Exercise objective - All of the data should be reproduced word for word, though its pictures must be omitted.

Available data -
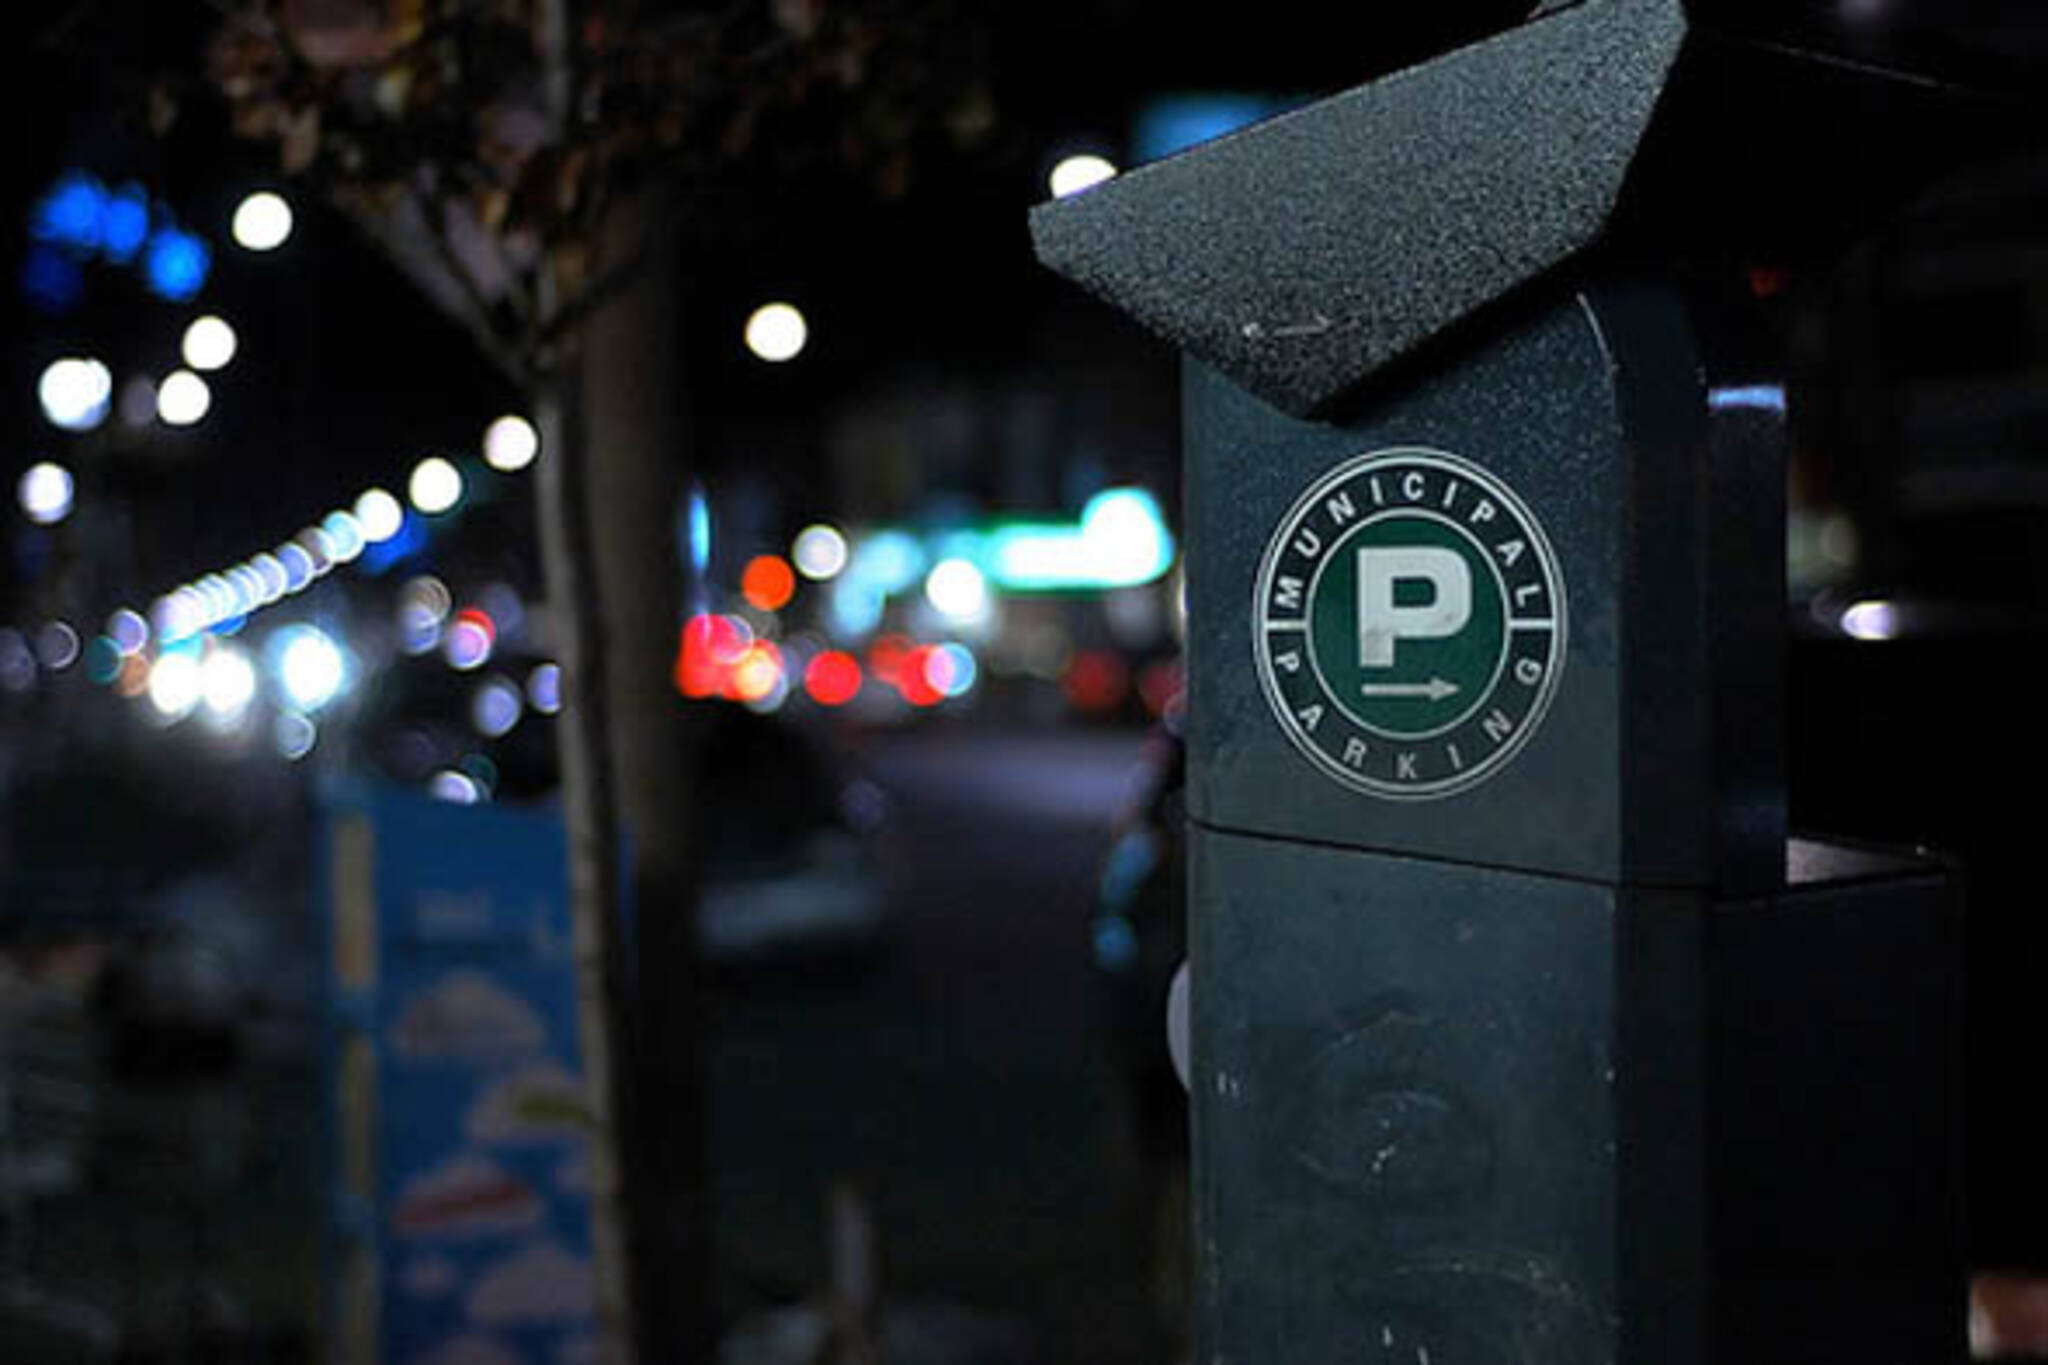 Green P parking web site toronto
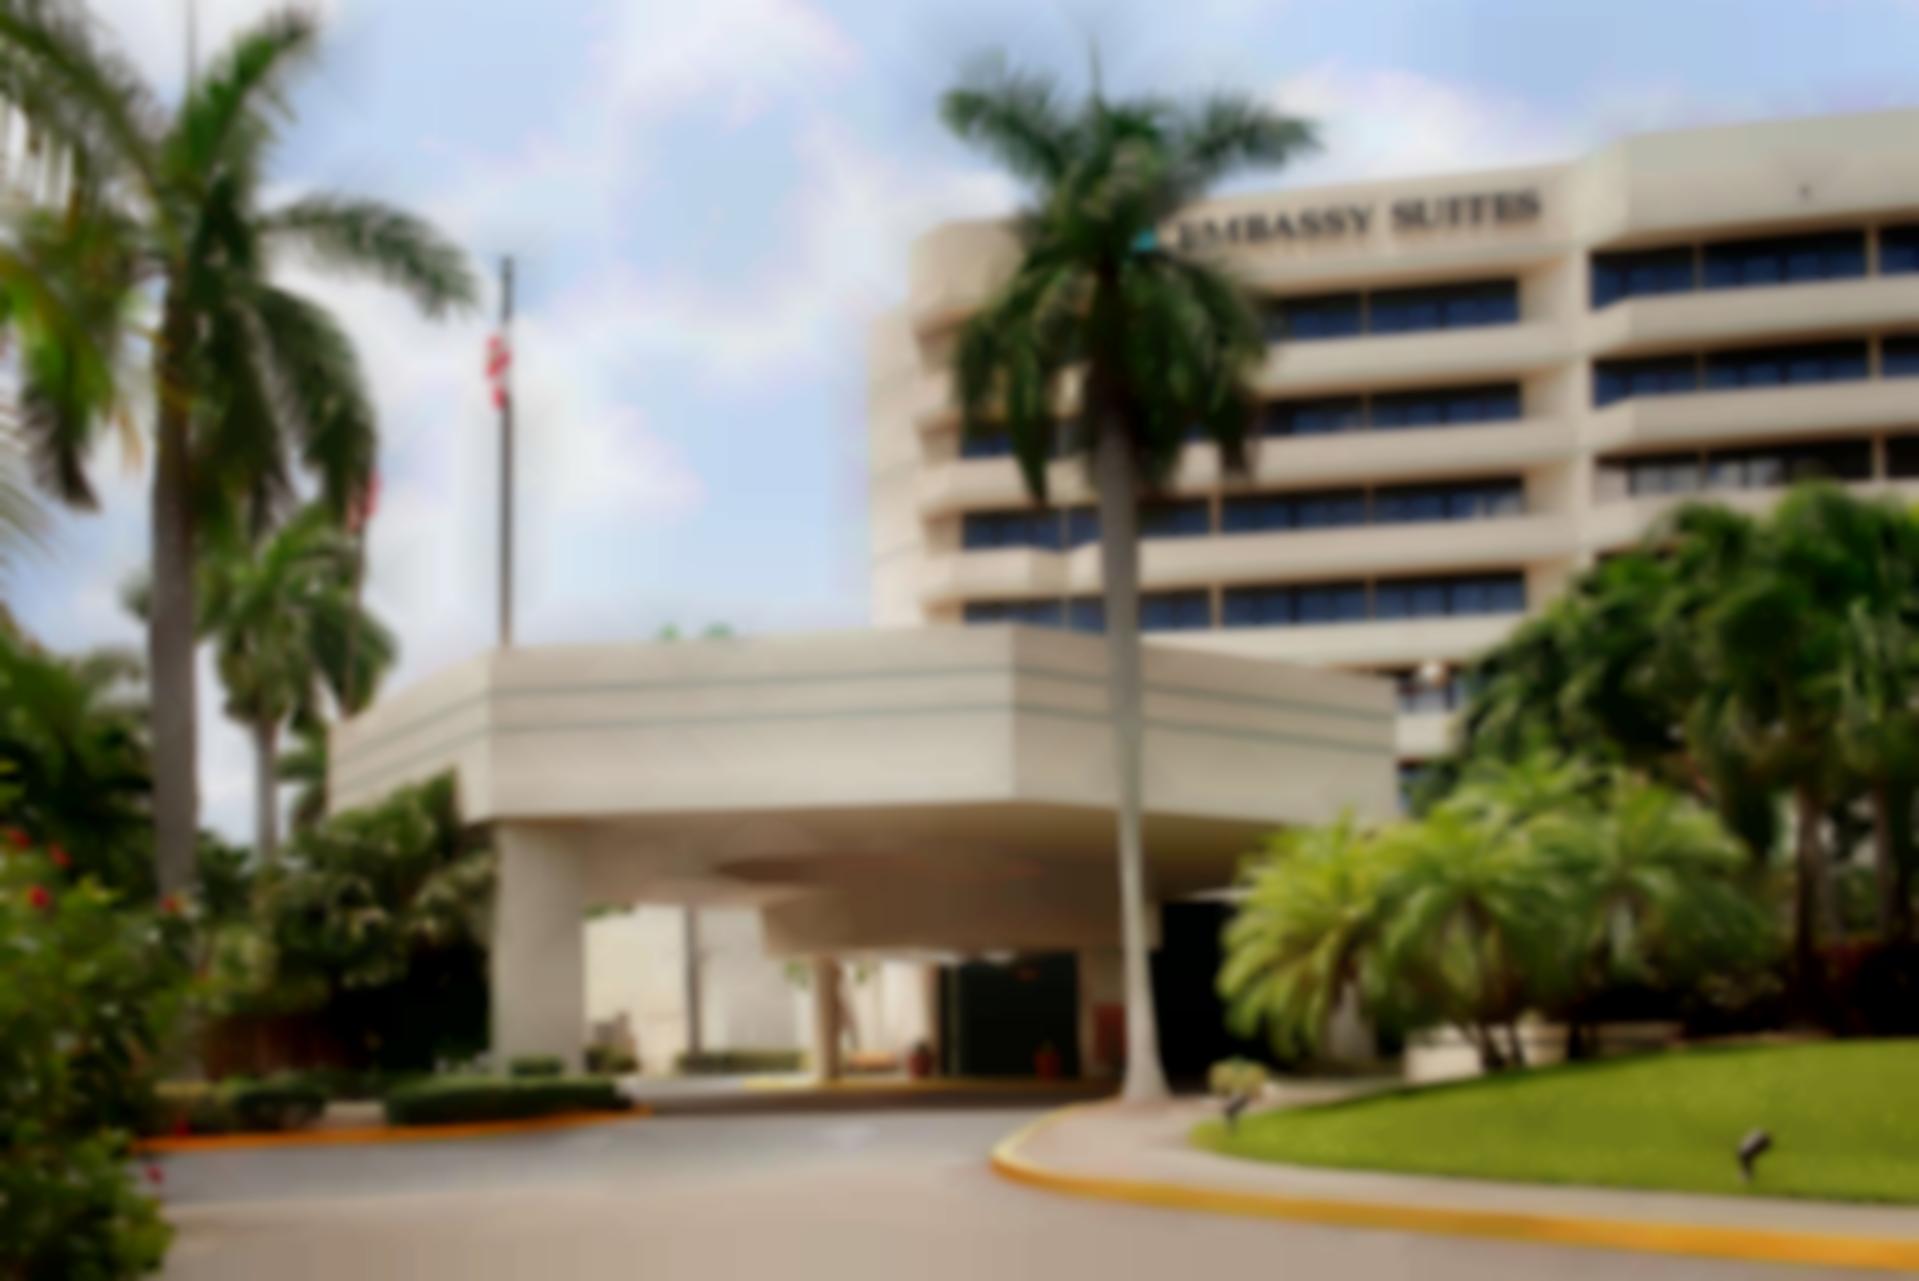 Embassy Suites Boca Raton
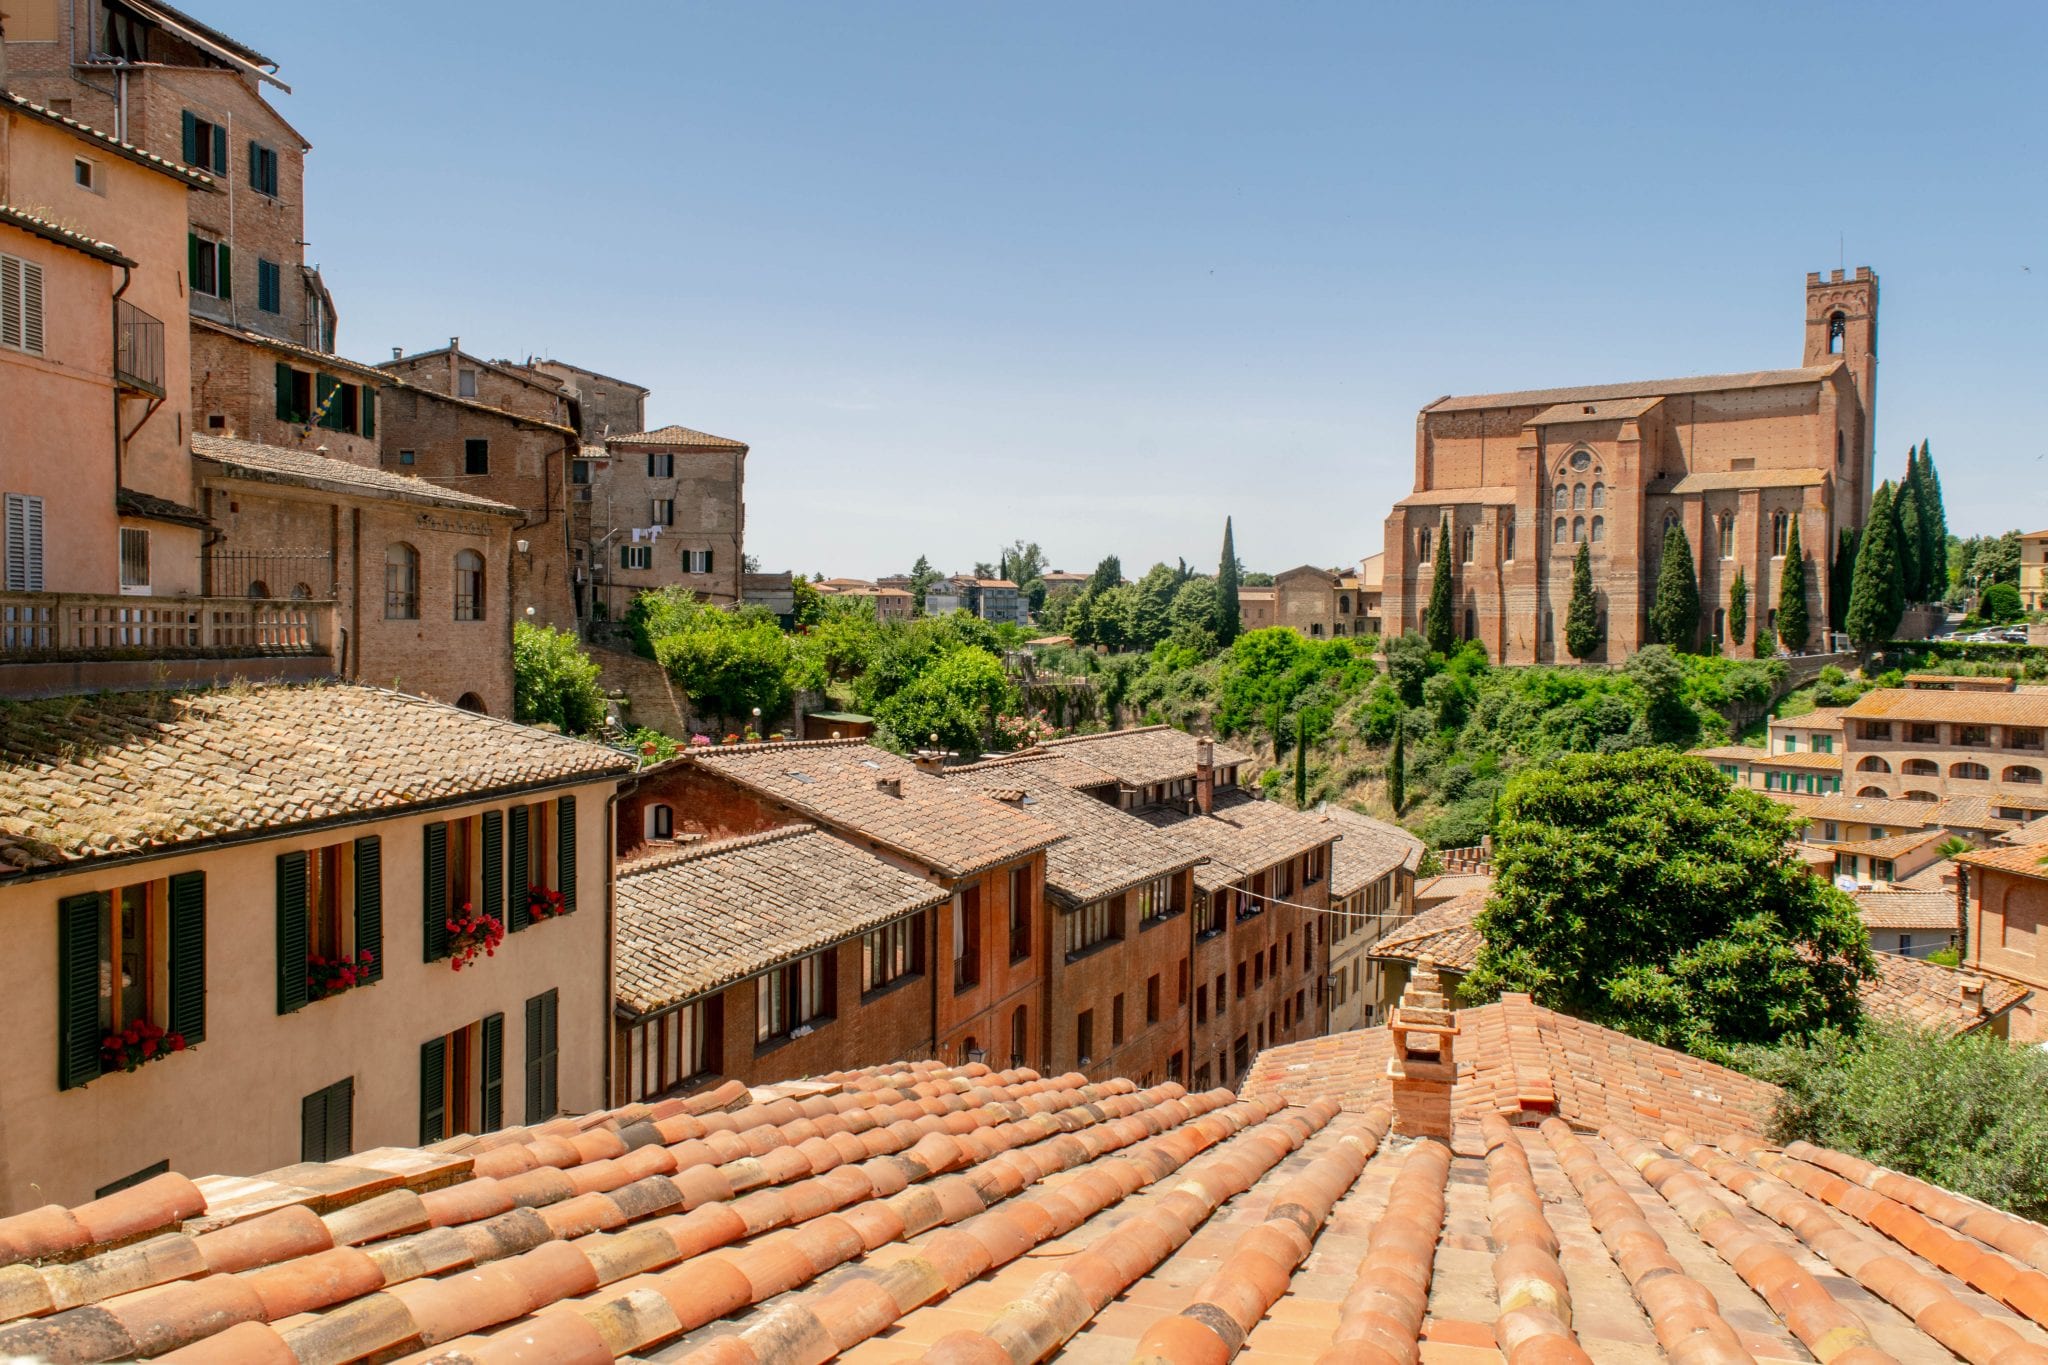 Tuscany Honeymoon: Rooftops of Siena

Task result -
 Green P parking web site toronto
 Embassy Suites Boca Raton
 Tuscany Honeymoon: Rooftops of Siena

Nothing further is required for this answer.